MIN_MODE_FRAC  = 0.60    # modal ring colour must cover ≥60% of ring pixels

# Pillow compatibility (older/newer)
try:
    RESAMPLE_BICUBIC = Image.Resampling.BICUBIC  # Pillow ≥ 9.1
except Exception:
    RESAMPLE_BICUBIC = Image.BICUBIC             # older Pillow

def _ring_mode_from_array(arr: np.ndarray, ring: int = 2, max_pixels: int = 20000):
    """
    Modal RGB on the outer 'ring' (top/bottom/left/right strips).
    Uses deterministic sub-sampling by stride if too many pixels.
    """
    h, w, _ = arr.shape
    top    = arr[0:ring, :, :]
    bottom = arr[h-ring:h, :, :]
    left   = arr[:, 0:ring, :]
    right  = arr[:, w-ring:w, :]
    ring_pixels = np.concatenate(
        [top.reshape(-1,3), bottom.reshape(-1,3), left.reshape(-1,3), right.reshape(-1,3)],
        axis=0
    )
    if ring_pixels.shape[0] > max_pixels:
        step = int(np.ceil(ring_pixels.shape[0] / max_pixels))
        ring_pixels = ring_pixels[::step]
    tuples = [tuple(int(x) for x in v) for v in ring_pixels]
    cnt = Counter(tuples)
    mode_rgb, n = cnt.most_common(1)[0]
    frac = n / max(1, len(tuples))
    return mode_rgb, frac

def pad_resize_canonical(img: Image.Image, target_size: int = 128, ring: int = 2) -> Image.Image:
    """
    1) Convert to RGB.
    2) Inspect border ring to pick pad mode:
         - If modal ring colour is near-black (all channels ≤ NEAR_BLACK_THR)
           and covers ≥ MIN_MODE_FRAC of ring pixels → constant black pad.
         - Otherwise → reflect pad.
    3) Centre-pad to square; bicubic resize to (target_size, target_size).
    """
    img = img.convert("RGB")
    arr = np.array(img)
    mode_rgb, frac = _ring_mode_from_array(arr, ring=ring)
    near_black = (mode_rgb[0] <= NEAR_BLACK_THR and
                  mode_rgb[1] <= NEAR_BLACK_THR and
                  mode_rgb[2] <= NEAR_BLACK_THR)
    use_constant = (near_black and frac >= MIN_MODE_FRAC)

    w, h = img.size
    if w != h:
        side = max(w, h)
        pad_left   = (side - w) // 2
        pad_right  = side - w - pad_left
        pad_top    = (side - h) // 2
        pad_bottom = side - h - pad_top
        if use_constant:
            padded = ImageOps.expand(img, border=(pad_left, pad_top, pad_right, pad_bottom), fill=mode_rgb)
        else:
            # reflect via numpy for exact control
            pad_width = ((pad_top, pad_bottom), (pad_left, pad_right), (0, 0))
            padded = Image.fromarray(np.pad(arr, pad_width, mode="reflect"))
    else:
        padded = img

    return padded.resize((target_size, target_size), resample=RESAMPLE_BICUBIC)
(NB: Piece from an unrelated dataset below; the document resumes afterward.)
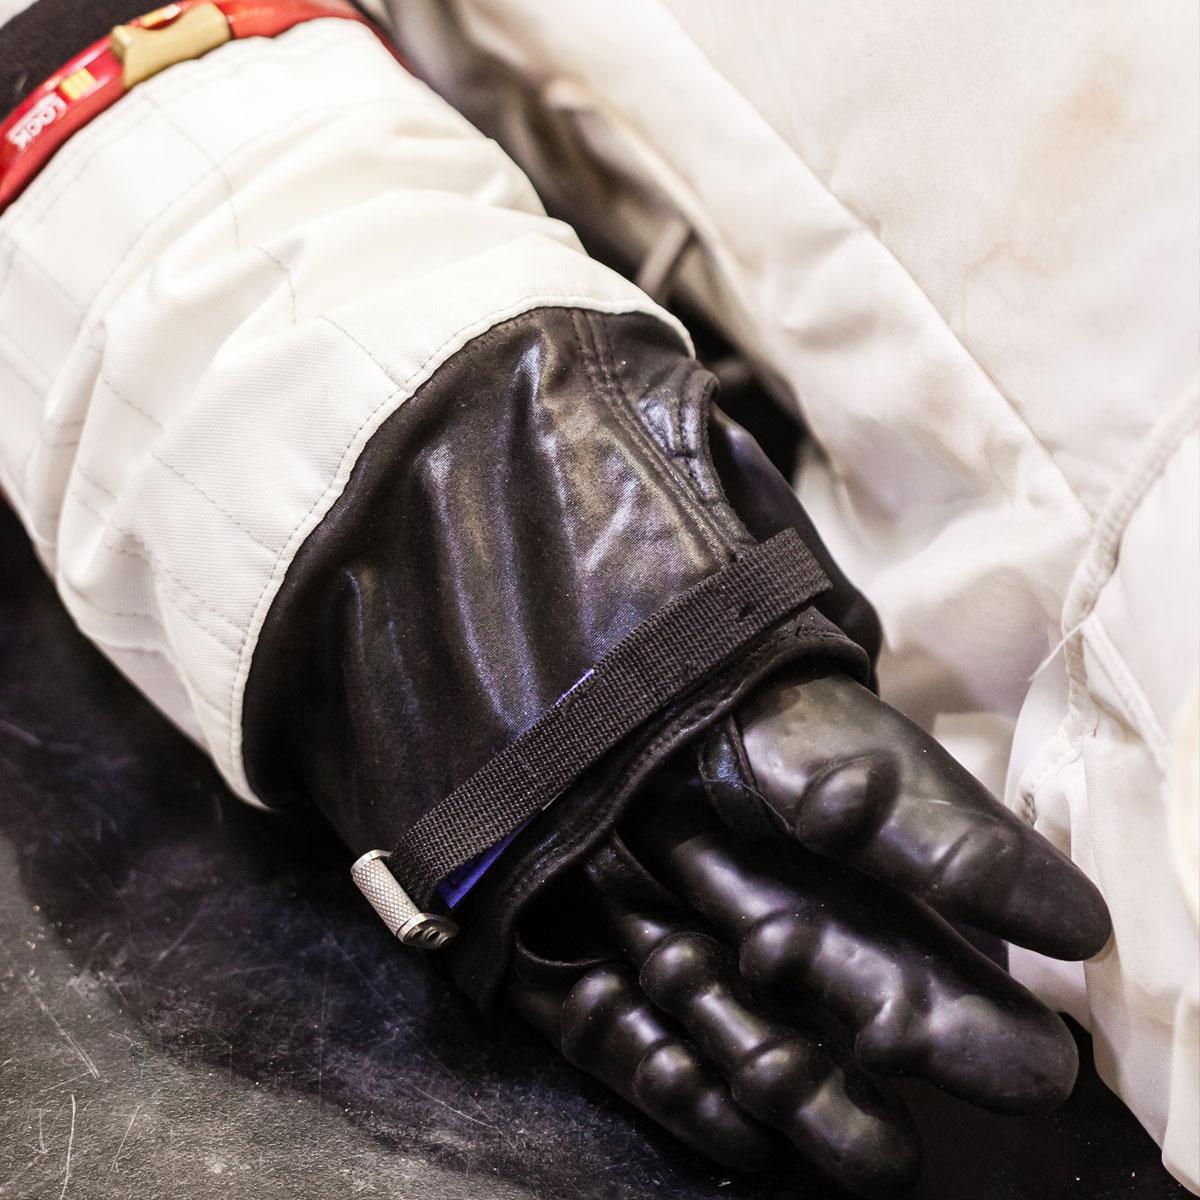 dc-suit-glove-sq.jpg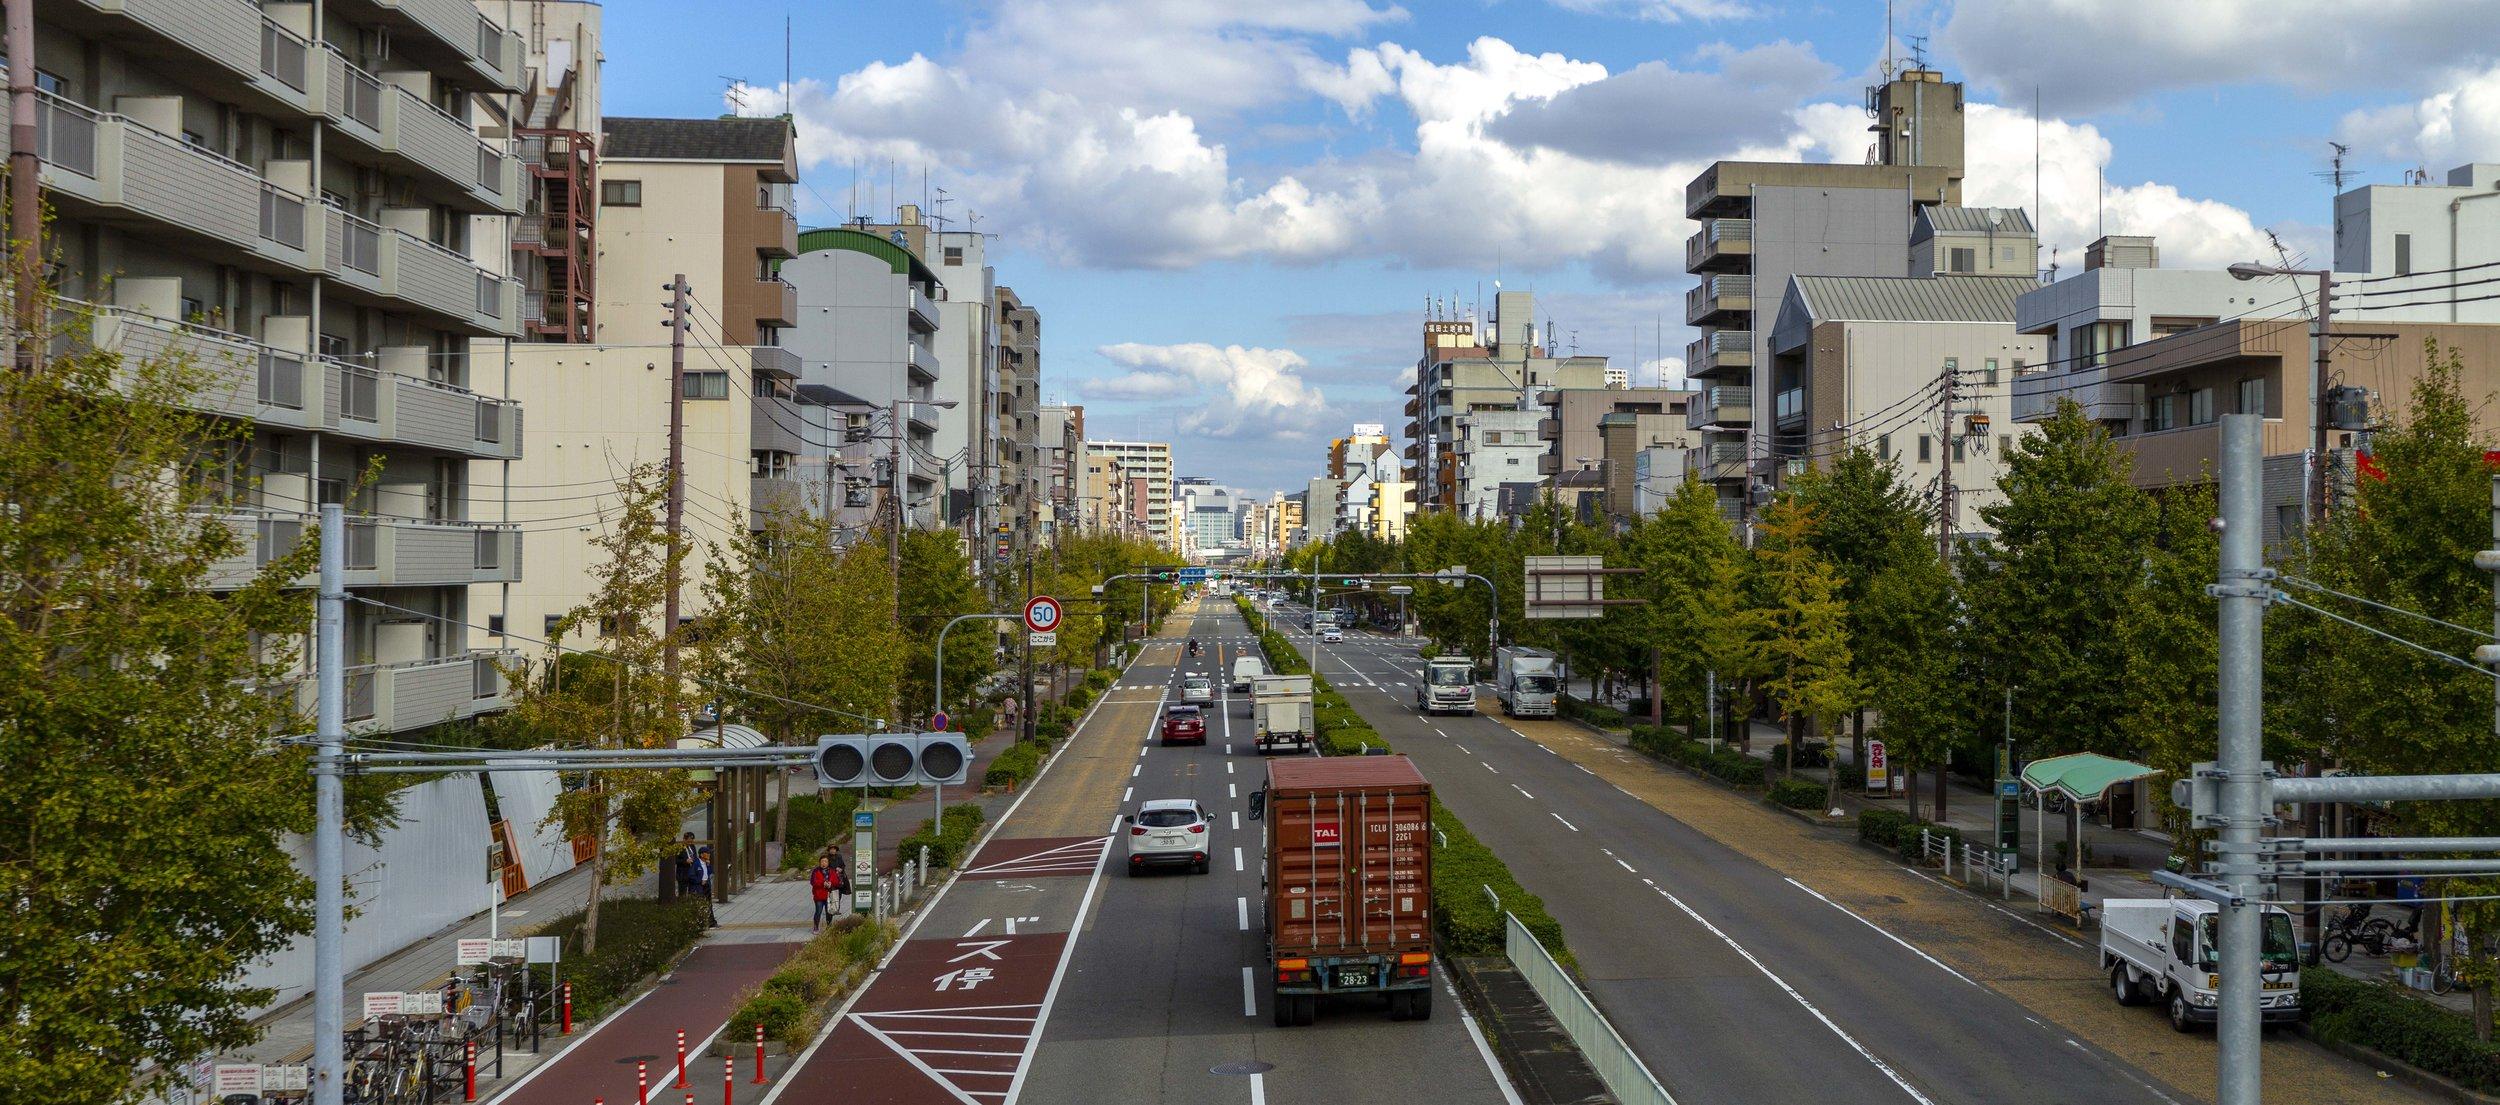 Wandering the streets of Osaka

# Step 7 — Canonical Transform (pad-to-square + 128×128 resize) and Sample Validation

This cell implements and validates the preprocessing used in training and inference.

- **Inputs and guards:**  
  Reloads `index_with_groups.csv` if `df` is not present; prepares output paths.

- **Parameters:**  
  `TARGET_SIZE=128`; border ring width `RING_PX=2`; near-black threshold `NEAR_BLACK_THR=10` (per channel); minimum modal-colour coverage `MIN_MODE_FRAC=0.60`. Bicubic resampling is selected with a Pillow-version-safe fallback.

- **Border analysis:**  
  `ring_mode_rgb()` computes the modal RGB of the outer ring and its fraction.  
  `decide_pad_mode()` returns `"constant_black"` if the modal colour is near-black **and** covers ≥60% of ring pixels; otherwise it returns `"reflect"`.

- **Transform:**  
  `pad_to_square()` pads symmetrically to a square using either a constant dark fill or reflect; then resizes to 128×128 with bicubic.  
  `preprocess_one()` applies the full pipeline and records metadata (original size, pad mode, per-side pad pixels, modal colour and fraction).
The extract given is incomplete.